The example requires an infinite number of monkeys at an infinite number of typewriters, OR a single monkey at a typewriter for an infinite amount of time, either of which is inherently impossible. The result of that is an infinite string of letters and numbers and spaces and punctuation.

Somewhere within that infinite string will be every possible combination of letters and numbers. This includes the complete works of Shakespeare. This includes every piece of literature ever written. This includes every piece of literature that has been conceived, but never written. This includes this entire thread. Because that is the scope of infinity. EVERY possible combination. The complete works of Shakespeare is a single combination.
 

Chun-tzu said:
The example requires an infinite number of monkeys at an infinite number of typewriters, OR a single monkey at a typewriter for an infinite amount of time, either of which is inherently impossible.

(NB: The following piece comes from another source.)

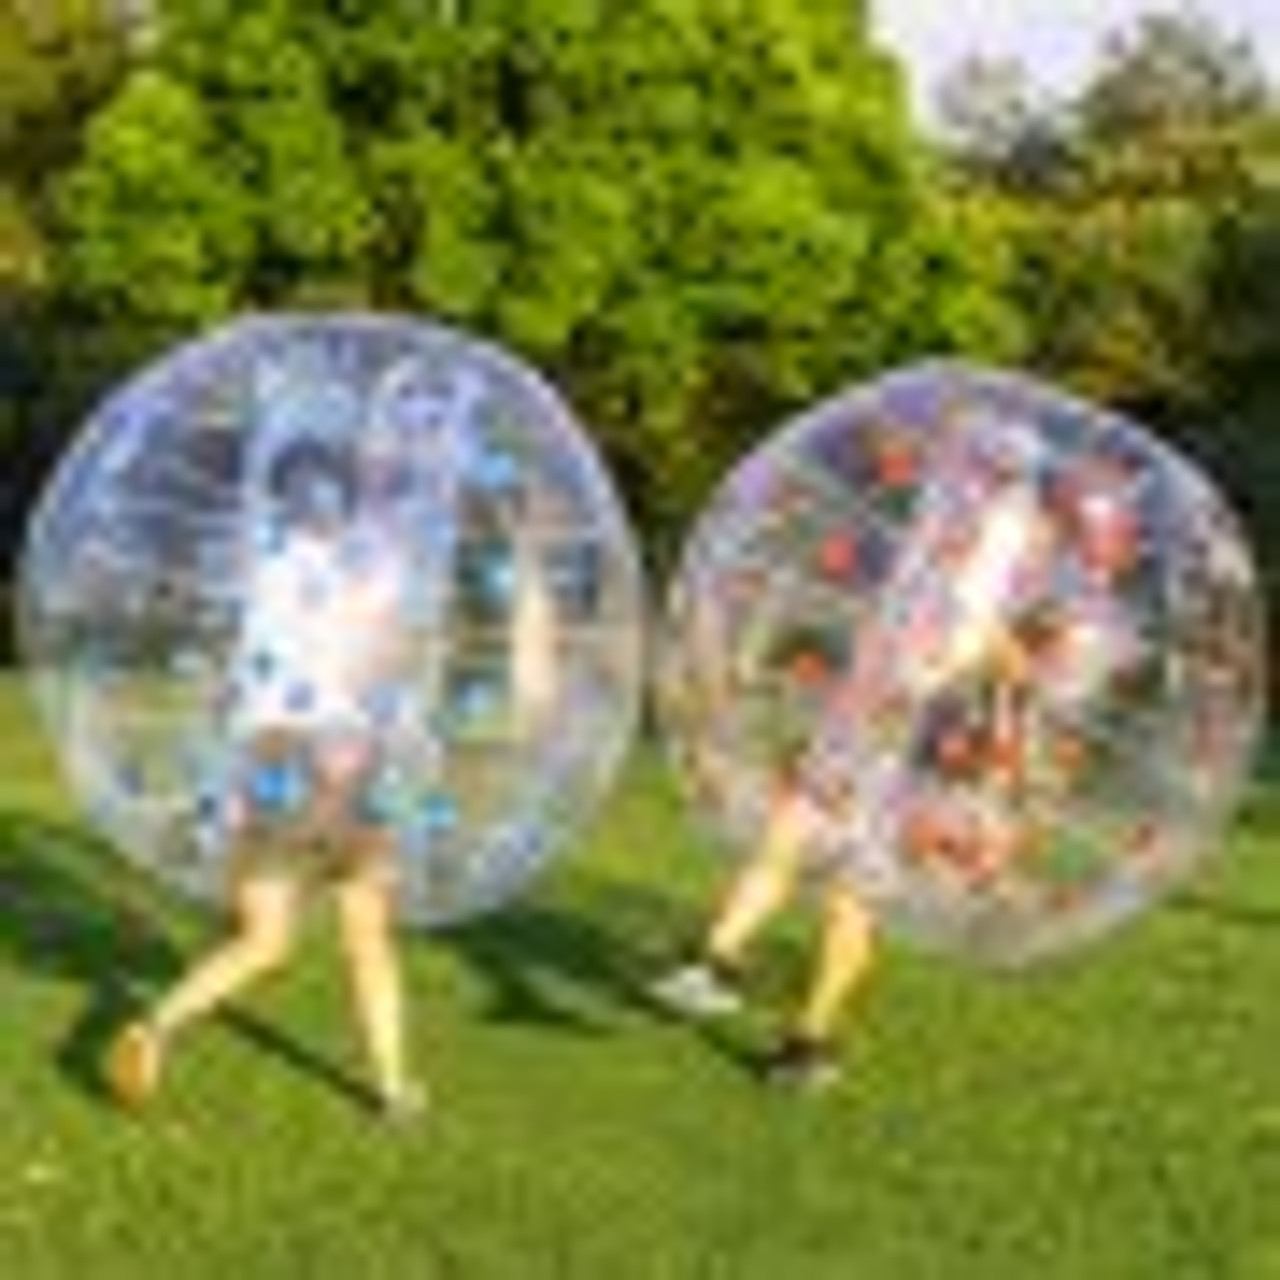 Inflatable Bumper Ball 5 FT / 1.5M Diameter, Bubble Soccer Ball, Blow It Up in 5 Min, Inflatable Zorb Ball for Adults or Children (5 FT, Blue Dot)

I underlined the important point in the quote above.
 

Chun-tzu said:
Somewhere within that infinite string will be every possible combination of letters and numbers. This includes the complete works of Shakespeare.

Actually, at some point, statistically, the improbable becomes the impossible. The example (monkey/shakespeare theory) is flawed because it fails to recognize that random activity can only go so far in producing anything. I forget the actual statistical figure sometimes given, but after a certain improbability we can state with certainty that a given random event will never occur.